Exhumation and retention of remains

In managing the exhumation and subsequent treatment of remains, HS2 acts in its role as “nominated undertaker” as defined in s45 High Speed Rail (London – West Midlands) Act 2017 (“the Act”) and nominated in The High Speed Rail (London – West Midlands) (Nomination) Order 2017. The Act includes specific provisions in relation to burial grounds, and section 27 disapplies the ecclesiastical law relating to burial grounds, and detailed provisions fall within Schedule 20. As such the consistory courts were not involved in petitions relating to exhumations.

Schedule 20 includes inter alia provisions on: Notice of removal of remains or monument; Removal of remains under licence; Removal of remains by nominated undertaker; Removal of monuments; Records; Discharge of functions by nominated undertaker; and Relatives and personal representatives. No notification of the removal of the remains is required provided they were buried more than 100 years ago (sub paragraph 1(3)(a) of the Schedule), and as such no one falls within the class of persons entitled to object (sub paragraph 4(11)(1) of the Schedule).

Details of the burial grounds, the number of sets of remains removed by August 2020, and the estimated total number at each site are given in Table 1 – Burial Grounds, Phase 1 of the HS2 publication. This indicated that HS2’s legal Undertaking with the Archbishops’ Council of the Church of England requires HS2:

  • to rebury, not to cremate, remains that have been removed, in a consecrated place;
  • to consult the CofE on the process of work related to burial grounds;
  • to provide a memorial at any reburial site; and
  • to replace memorials removed with human remains with the deceased, if possible.
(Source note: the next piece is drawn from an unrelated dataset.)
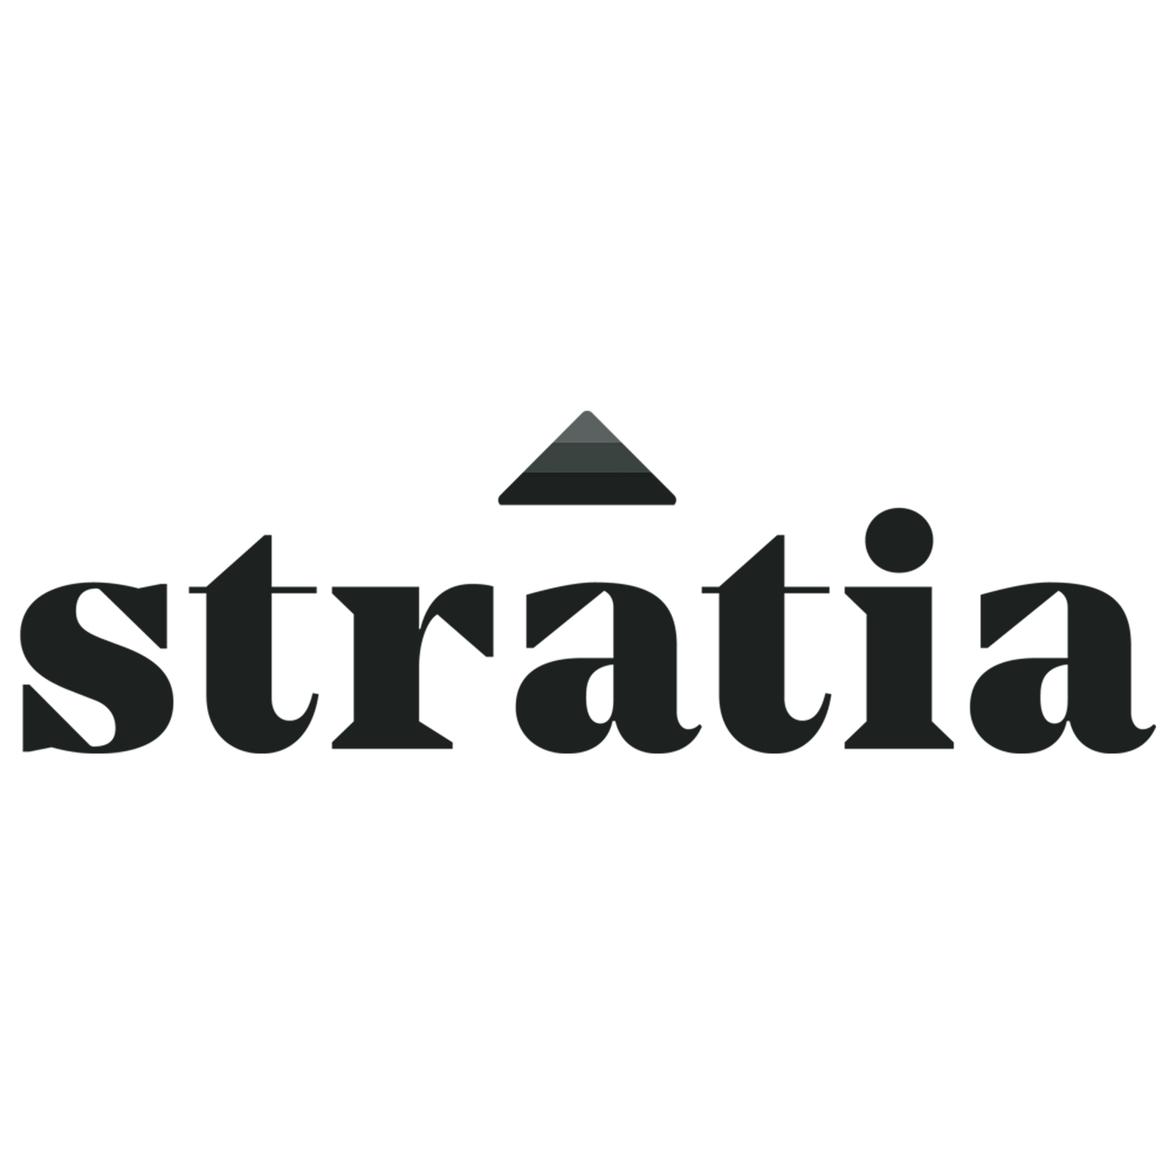 stratiaskin's images

The Environmental Minimum Requirements (EMRs) which include the Heritage Memorandum, stipulated that HS2 carry out archaeological research on historically significant sites – which includes burial grounds over 100 years old. They also require that HS2 engage with Statutory stakeholders Historic England and relevant Local Authorities in the process of carrying out that work.

Reburial of remains

The results of the reburial programme as they stood in August 2020 are summarized in Table 2 – Burial Grounds, Phase 1. The HS2 publication notes that a close working relationship was established with the Archbishops’ Council (“a key Stakeholder”), and through them, with the Dioceses involved in the work. Reporting structures were in place with the General Register Office for reporting and confirming the reburial locations of all individuals removed by the Project, for families and researchers to access in the future through the National Archive.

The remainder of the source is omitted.